Allerdings wird in dieser Statistik nicht erfasst, wie alt die Auswanderer sind oder welcher Fachrichtung sie angehören. Aiwangers Aussage zu den "zu vielen" jungen, abwandernden Ärzten lässt sich also nicht belegen. Womit der Wirtschaftsminister aber Recht hat: Viele gehen in die Schweiz und nach Österreich, fast die Hälfte der Gesamtzahl waren es im vergangenen Jahr (1.006 von 2.290 Personen).
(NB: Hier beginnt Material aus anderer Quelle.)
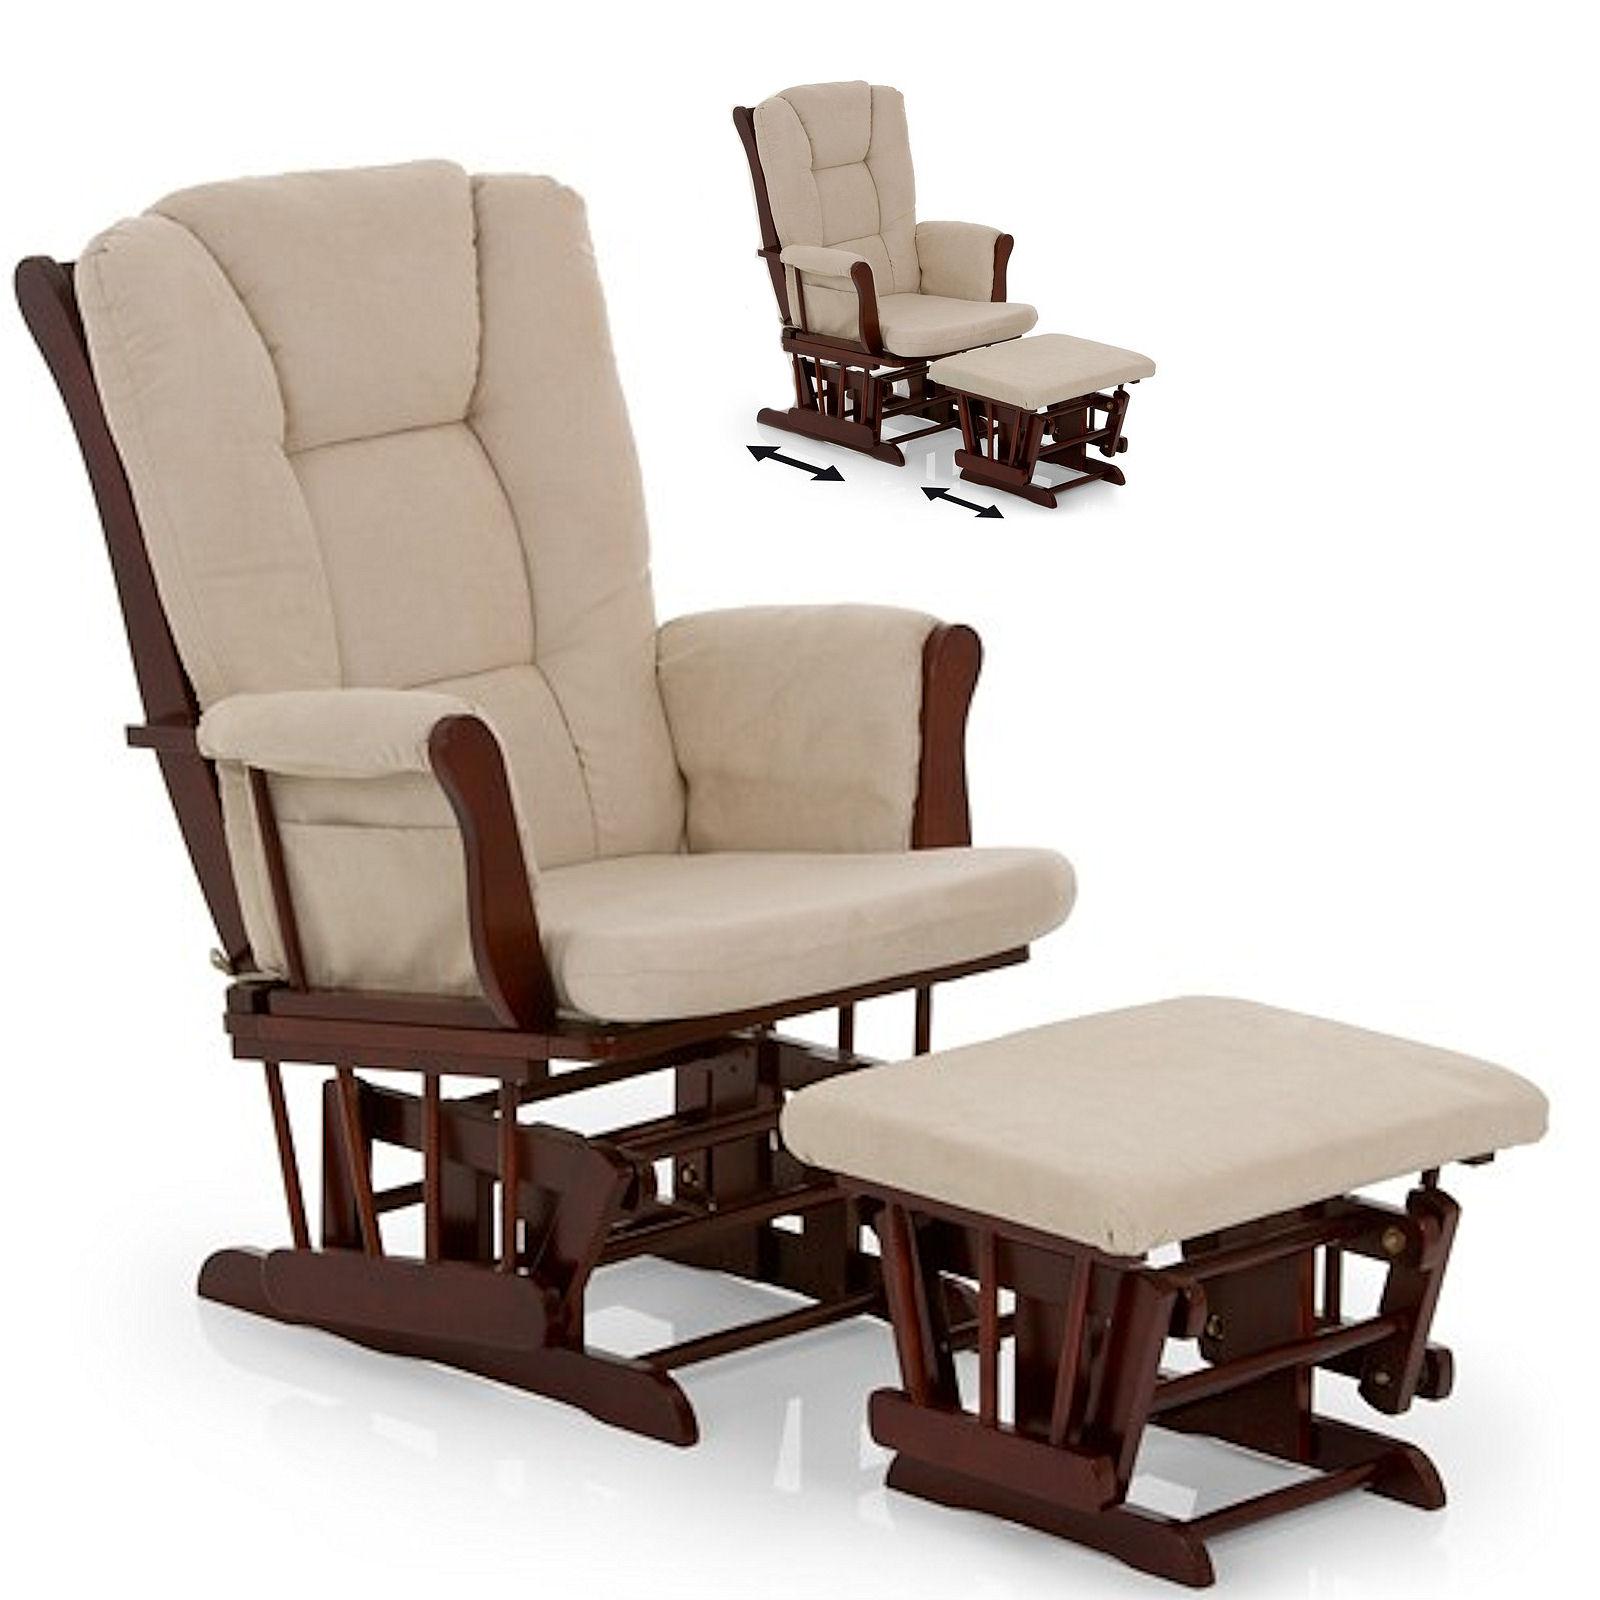 Hauck Glider / Rocking Nursing Chair U0026 Stool   Walnut / Beige

Anteil junger Ärzte in Deutschland bleibt relativ konstant
Aus der jährlichen Statistik der Bundesärztekammer zu den in Deutschland beschäftigten Ärzten lässt sich herauslesen, dass der Anteil der jungen Ärztinnen und Ärzte relativ konstant bleibt. Der Anteil der Unter-35-Jährigen an der gesamten Ärzteschaft betrug im Jahr 2000 18,8 Prozent. Dann sank der Wert bis 2005 auf den niedrigsten Stand in diesem Jahrtausend, nämlich 15,4 Prozent. Dann stieg der Wert wieder und bewegt sich seit knapp zehn Jahren meist zwischen 18 und 19 Prozent. Im Jahr 2022 waren wieder 18,8 Prozent der Ärztinnen und Ärzte jünger als 35 Jahre. Wie sich diese junge Ärzteschaft zusammensetzt, wer davon wo ausgebildet ist, zu- oder abgewandert ist, das lässt sich aber schlicht nicht sagen.
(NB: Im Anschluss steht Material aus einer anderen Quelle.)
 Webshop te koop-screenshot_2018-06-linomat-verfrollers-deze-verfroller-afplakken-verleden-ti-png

Die Bundesärztekammer betont generell in einer Stellungnahme zur Statistik, dass sie eine "beunruhigende Entwicklung" sehe. Sie benennt die demografische Entwicklung als hauptsächliche Ursache. Die Zahl der neu zugelassenen deutschen Ärzte sei in den vergangenen drei Jahren kontinuierlich gesunken. Außerdem seien fast die Hälfte aller Ärztinnen und Ärzte älter als 50 Jahre.